The Australian 200 index (ASX: S&P/ASX 200) found itself in a challenging landscape on Wednesday as a trifecta of factors nudged it lower. Rising inflationary pressures, soft Chinese data, and US debt limit uncertainty intensified trader anxiety, causing a 1.64% slide at the close. The index now faces an uphill battle to navigate the challenging backdrop. 

The Monthly CPI Indicator in Australia revealed a 6.8% year-to-April print, up from the prior 6.3% at a faster pace than the 6.4% consensus. The sticky print could pressure the RBA to remain in restrictive territory for longer. Additionally, China’s NBS Manufacturing PMI of 48.8 missed the 49.4 consensuses from the prior 49.2, raising questions about the pace of their economic recovery, which caused a slump in the oil price that trickled over into the index. The further risk-off mood on the uncertain road for the debt limit agreement through Congress has reduced the appetite for equities, aiding the bears in their downside move. 

Technical 

A descending channel has formed on the 1D chart, with the bears looking to test support at 7,080.8, the 61.8% Fibonacci retracement from the mid-April peak. Judo Bank Manufacturing PMI statistics and Retail Sales due tomorrow could drive the price action in the upcoming sessions, along with the risk sentiment around the status of the US debt ceiling. 

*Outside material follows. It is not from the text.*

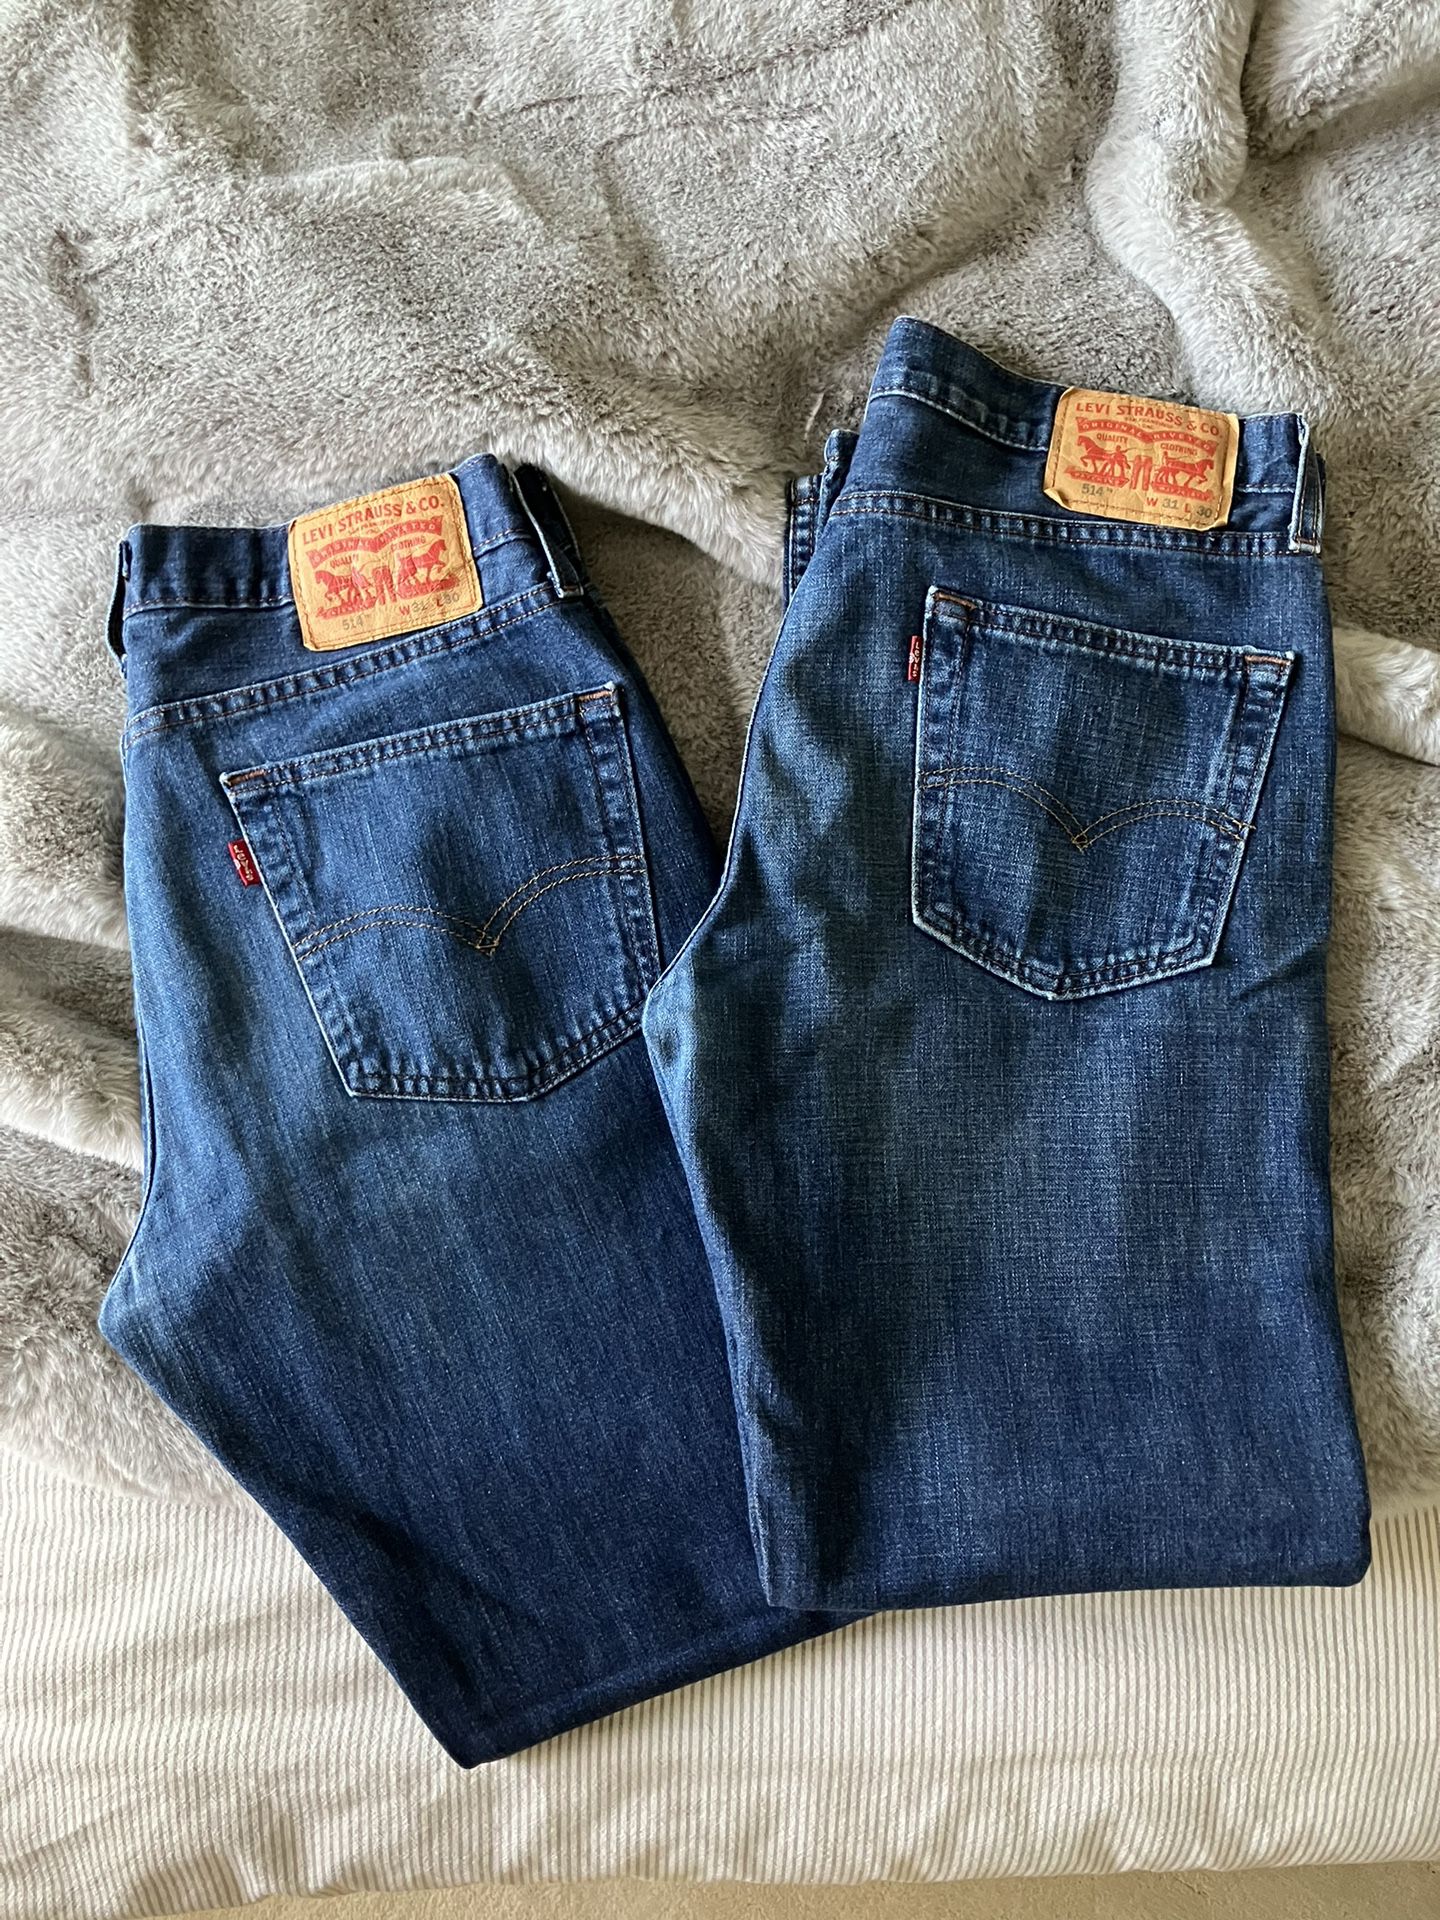 Men’s Levi’s 514 • Size 31x30 • Two Pairs, Same Color
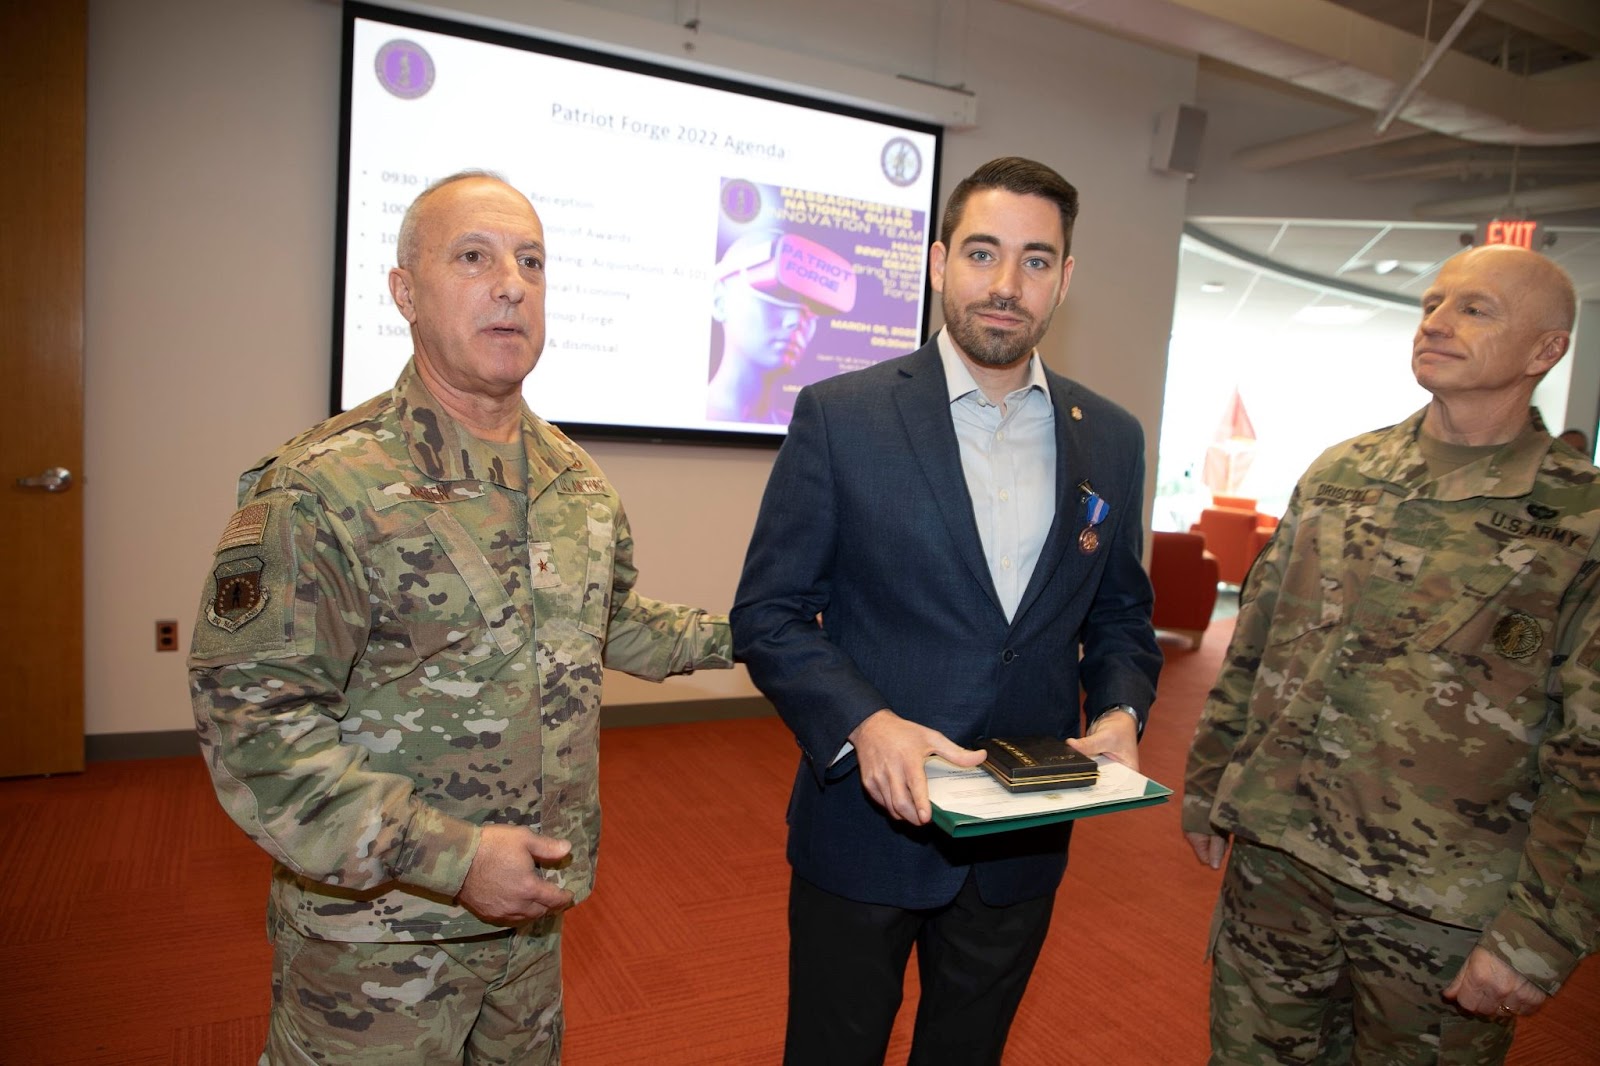 Merighi Honored by the Army for Innovation Leadership

If the data supports the bearish cause, a channel breakdown could bring the support at 6,999.7 into play at the 78.6% Fibonacci retracement. From there, a neckline exists at 6,896.3 if momentum persists. 

However, if the data is optimistic for the state of the Australian economy, the bulls could use the Fibonacci golden ratio as support to bounce back toward the midpoint at 7,137.9. A breakout could open the potential of a move toward the channel resistance at around 7,265.4, where the 38.2% Fibonacci retracement at 7,194.9 stands in its way.  

Summary 

It was a day to forget for the Australian equity market as the bears pounced on various adverse developments. If the data due tomorrow supports the cause, the retracement process can continue with a breakdown from 7,080.8 to 6,999.7.